No verão do hemisfério norte, o problema será outro. Com o calor, o ar torna-se menos denso, o que dificulta a capacidade das asas de sustentar o avião na decolagem. Por isso, em julho e agosto, em aeroportos tais como o de Barajas, em Madri, os voos mais pesados estão programadas para as horas mais frescas do dia e decolam na pista mais longa. Às vezes isso não é suficiente, e é preciso diminuir o peso do avião soltando lastro, seja reduzindo a quantidade de combustível, de carga ou até mesmo de passageiros. O problema também é bem conhecido em aeroportos como os de Quito (Equador) e Cidade do México, a mais de 2.000 metros de altitude, ou o de La Paz (Bolívia), a 4.061 metros de altitude.

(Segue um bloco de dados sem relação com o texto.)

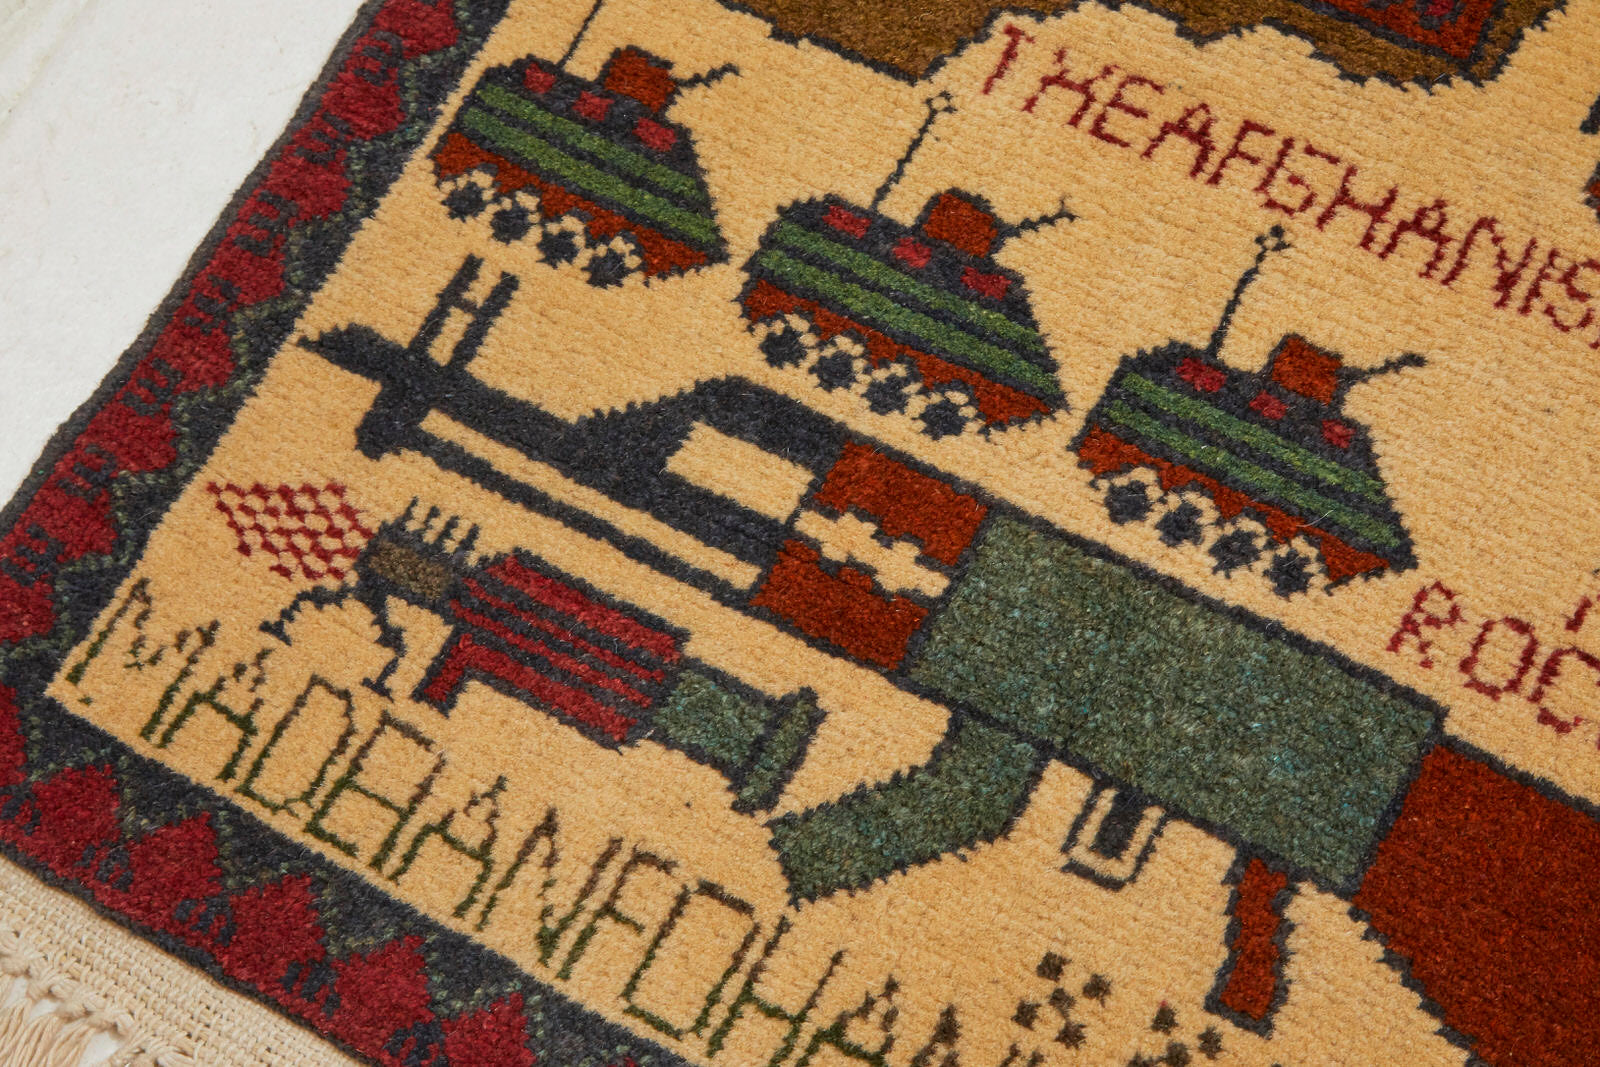 Hand woven Afghan war rug with map images, tanks, weapons and the words "Pakistan," "2015," "Made in Afghanistan" with cream background and red, brown and blue images - Available from King Kennedy Rugs Los Angeles

Em condições de altitude ou muito calor, os aviões precisam diminuir o peso para decolar
“A altitude do aeroporto tem o mesmo efeito que o aumento das temperaturas, porque, em altitudes mais elevadas, a densidade do ar é menor, por isso os aviões têm de ir mais rápido para decolar. É fazer isso ou reduzir o peso”, diz o pesquisador da Universidade Columbia (EUA), Ethan Coffel. Com os colegas da NASA, Coffel estudou como o aquecimento global afetaria as restrições de peso das aeronaves.
Os pesquisadores usaram para seus cálculos as especificações de um Boeing 737 da série 800, um avião de curto e médio alcance. Usaram como modelo quatro aeroportos dos Estados Unidos: um muito quente no verão (Phoenix), outro elevado (Denver, a 1.600 metros acima do nível do mar) e dois com pistas relativamente curtas (o Aeroporto Reagan, em Washington, e o LaGuardia, em Nova York). À medida que o século avance, os quatro aeroportos terão de aumentar as restrições de peso na decolagem e muitos voos deverão deixar passageiros em terra.